This study was aimed to develop catalytic system for the dry-based reduction of oxidized mercury ($Hg^{2+}$) to elemental mercury ($Hg^0$) which is one of the most important components comprising mercury continuous emission monitoring system (Hg-CEMS). Based on the standard potential in oxidation-reduction reaction, transition metals including Fe, Cu, Ni and Co were selected as possible candidates for catalyst proceeding spontaneous reduction of $Hg^{2+}$ into $Hg^0$. These transition metal catalysts revealed high activity for reduction of $Hg^{2+}$ into $Hg^0$ in the absence of oxygen in reactant gases. However, their activities were greatly decreased in the presence of oxygen, which was attributed to the transformation of transition metals by oxygen to the corresponding transition metal oxides with less catalytic activity for the reduction of oxidized mercury.

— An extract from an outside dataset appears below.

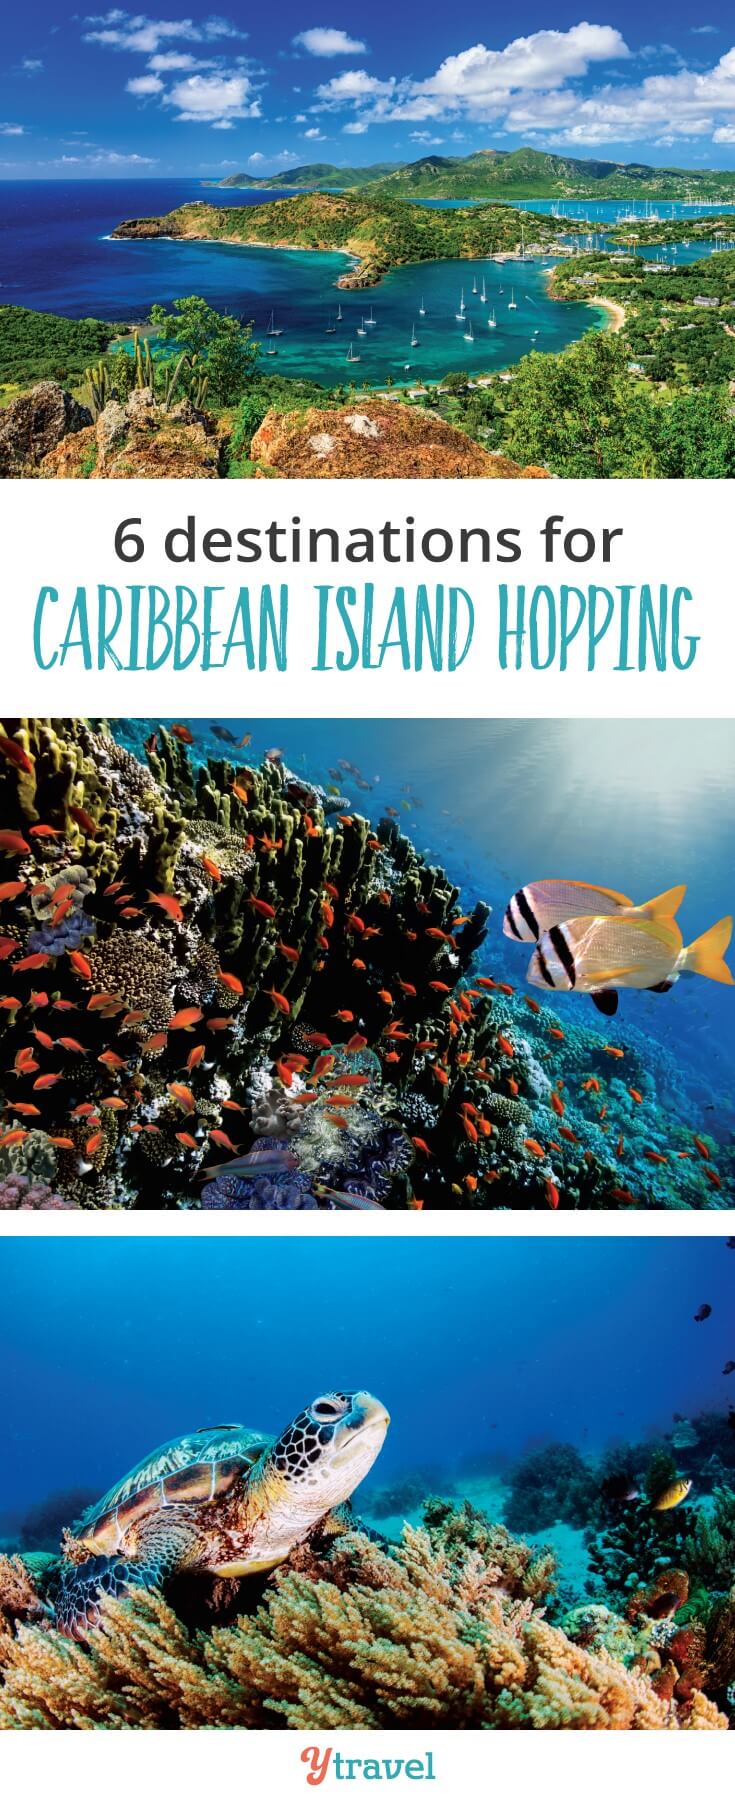 There are so many Caribbean Islands to explore. Here are the best destinations for Caribbean Island Hopping. Go find those turtles and have some fun. #caribbean #Caribbeanislands #islandhopping
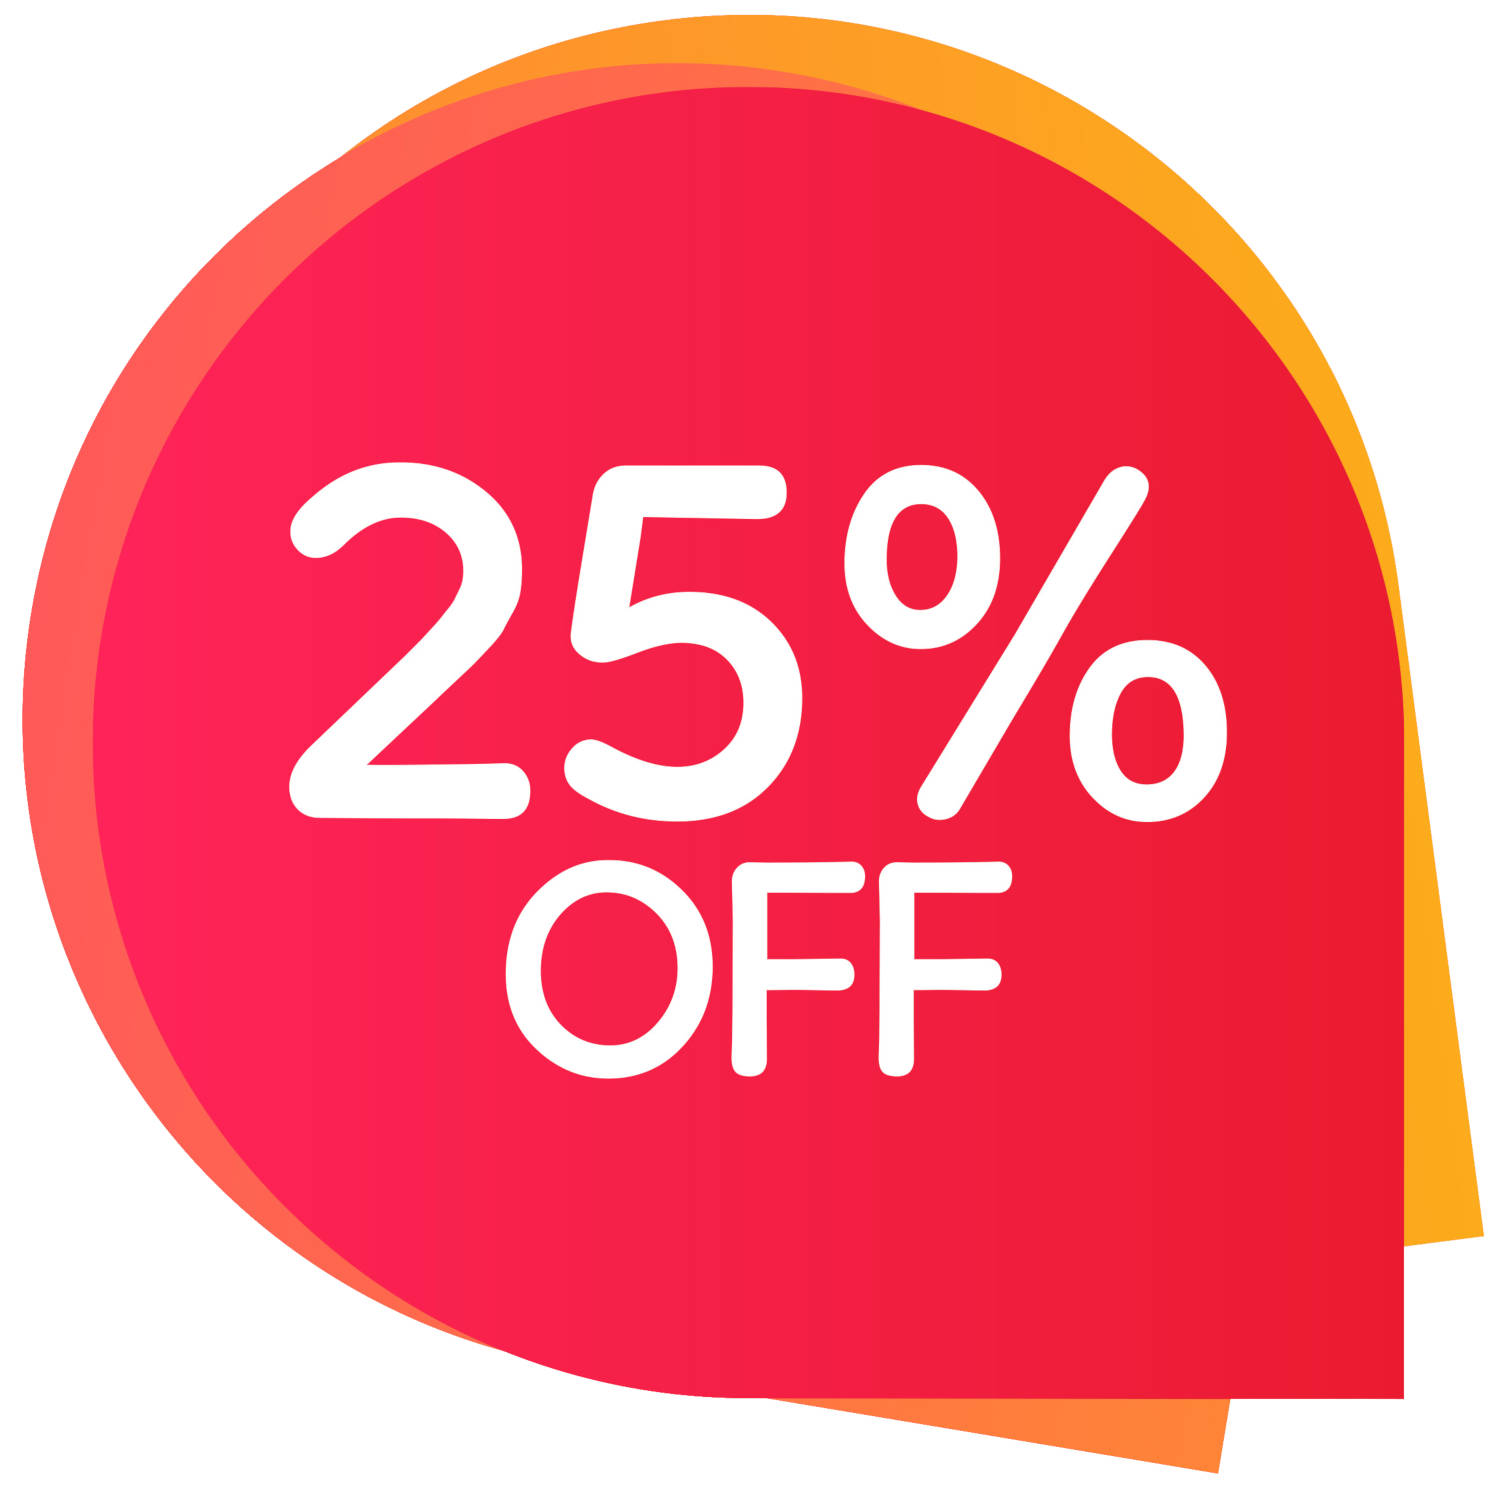 Graphic showing a 25 percent off discount

Hydrogen supplied to the reactant gases significantly enhanced $Hg^{2+}$ reduction activity even in the presence of oxygen. It might be due to occurrence of combustion reaction between $H_2$ and $O_2$ causing the consumption of $O_2$ at such high reaction temperature at which oxidized mercury reduction reaction took place. Because the system showed high activity for $Hg^{2+}$ reduction to $Hg^0$, which was compatible to that of wet-chemistry technology using $SnCl_2$ solution, the catalytic reduction system of Fe catalyst with the supply of $H_2$ could be employed as a commercial system for the reduction of oxidized mercury to elemental mercury.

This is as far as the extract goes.